I will need a way to get the running MIDlet.
Starting with exceptions should be easy.
I have the following blank projects:
Just hope a bunch of those are simple.
One nasty thing is that record stores use checked exceptions.
The fun thing will be keeping the record database up to date with multiple processes being ran. SquirrelJME will need some way to synchronized one file with another even when multiple SquirrelJME processes are being ran.
Going to say that RMS sucks. The API is quite nasty, has a bunch of inefficiencies and just screams badly designed.
For sanity purposes, I am probably going to need some internal file locking on paths and file channels. Or I could just ignore multiple SquirrelJMEs running at once and just treat the database as if it were opened only by a single running program. This is since all processes running in SquirrelJME will be under the same process.

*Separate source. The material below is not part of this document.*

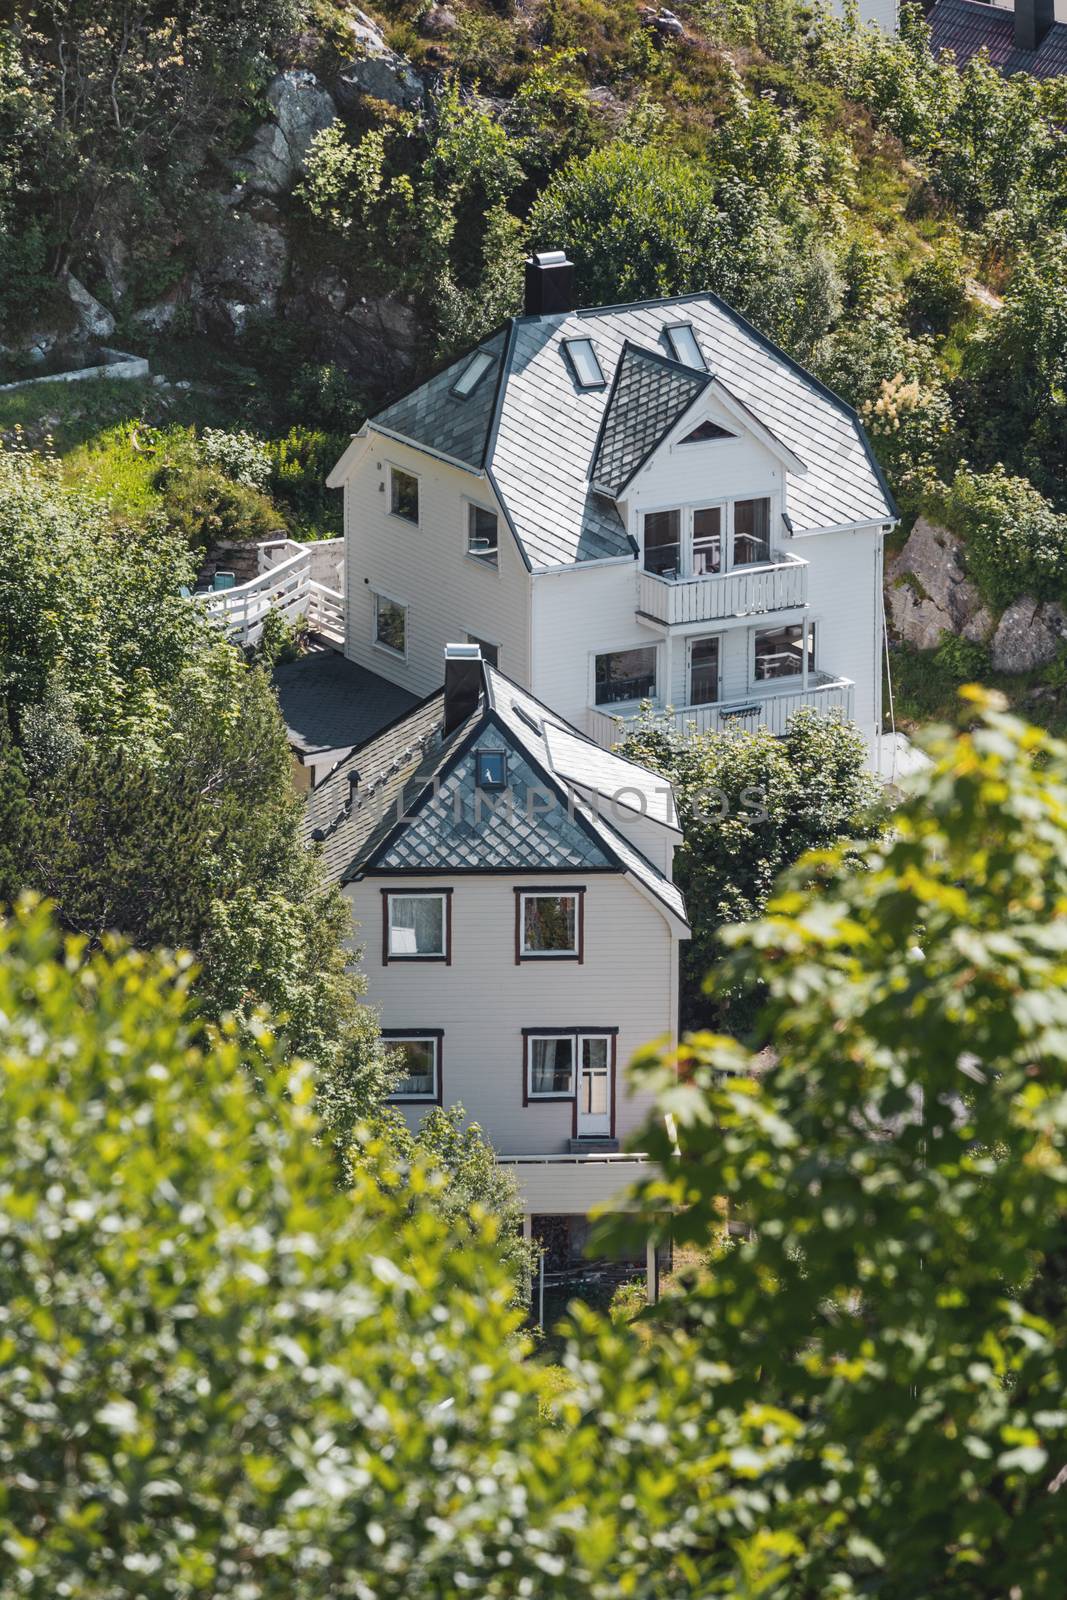 Two white houses in the middle of lush greenery in the suburb of Alesund. Norway.

I only want to write the record handling code once, so that means I will want a generic block based representation of the database records that can persist within SquirrelJME.
Typing up all those classes took awhile, about 4 hours.
Also, I forgot that today was SquirrelJME's birthday! Happy birthday! I have worked on it for an entire year.
So I will need an efficient and nice API for records. There would be a single instance of the database. Which reminds me to check meep-io and see how much it differs from GCF.
So what does that give me then? I would have each record store that exists for an application be a single block of binary data where records are stored. So there would need to be a record store manager. Every suite stores its own records, so that would need some kind of lookup. Then there can be multiple stores for applications.
Probably would be best to roll my own format than use a pre-existing format because I am not even sure that they exist.
Dreamcast memory card blocks are 512 bytes in size and the Nintendo 64 has 2048KiB pages about (supposidly). My database would be an ultra-compact database. Simple in concept and hopefully fast enough to not be really slow. I suppose it should be transactional.
So inventing such a format will be interesting to say the least, but it could potentially be done.
I do wonder if I can do obtuse and convoluted tricks to reduce the size representation of keys. I can swap bits and use huffman encoding for the id, tag, and the size of data stored. Most records would be stored in very small quantities so as long as the huffman table even for the data that will not fit where it only uses that amount of data to be stored. That would complicate things but potentially reduce the storage space.
That would probably reduce the required size, but that would complicate things a bit. So I do not want to overcomplicate things needlessly for a few bytes. If I do need to shave off bytes like this, I can always have a secondary format that treats this way.